If you are looking to learn new things and meet new people, there are plenty of courses from cooking to creative writing to computer skills available, Try or The University of Sydney (02 9036 4789)-both run day, evening and weekend classes. If culture is your thing, try and get on a few art gallery mailing lists-they hold regular openings with free wine and fun people. The beautiful Art gallery of New South Wales also holds workshops, courses and lectures. Log on to and search under events. They also organise entertainment for kids, from classes to live, interactive shows.

It is a great city for kids and many friendships are forged through mother’s groups or schools (especially if you’re the type to raise your hand to helping with fundraising events). Day care and pre school places can be hard to get into but you can often be lucky mid year when there is movement. Your local library will have a booklet containing all the day care/pre school places (for children up to 6years old and up) and it is a matter of perseverance. The Department of Family and Community Services (1300 53227) can help with what’s available and what your options are. (See the GSGI Educational Overview for Under 5’s for more details).

Child's play - Sydney for kids

Entertaining children is easy. Try the fabulous Taronga Zoo, The Sydney Aquarium, Fox Studios (with a great indoor play area for rainy days when you want them to mess up someone else’s space) or any of the many parks and beaches. If you need a break a lot of gyms (The Temple, Fitness first) have crèches if you are feeling virtuous and a bit wobbly.

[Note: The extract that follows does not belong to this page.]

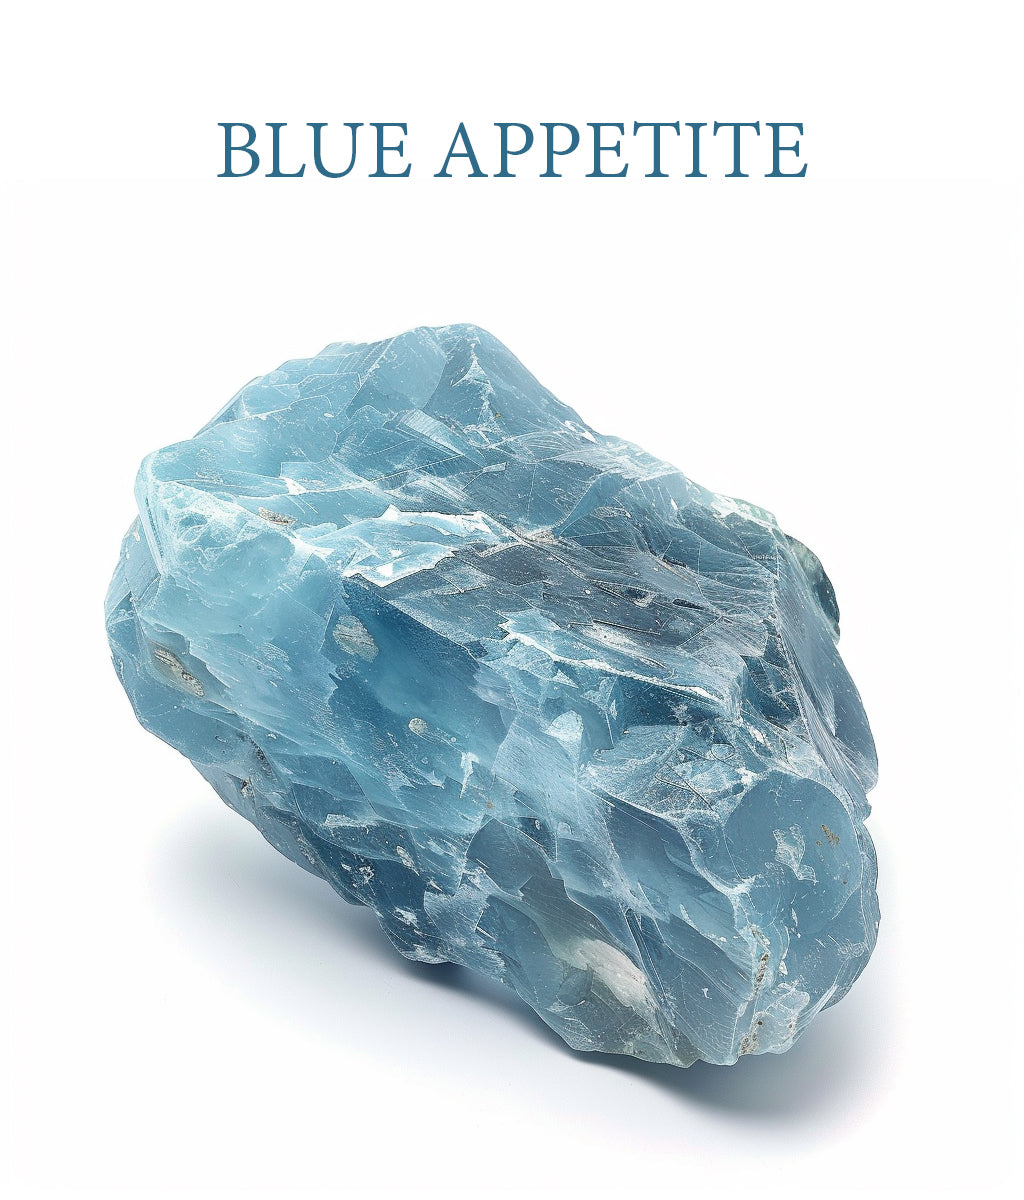 Blueappetite

The best of the city is outdoors, so if you’re feeling brave, climb the harbour bridge to get a bird’s eye view. Or if you are feeling flash, take a seaplane to Cottage Point restaurant and toast yourself for being clever enough to discover it. Don’t just settle for Bondi Beach-Bronte, Balmoral, Neilson Park and Palm Beach are a few other favourites. Or take a picnic and watch a movie under the stars at the open air cinema. Visit Chinatown at 11am on a Sunday and queue up for a greedy Yum Cha brunch. Find a front row seat for the fireworks on New Years Eve. And then tell me that Sydney hasn’t seduced you too.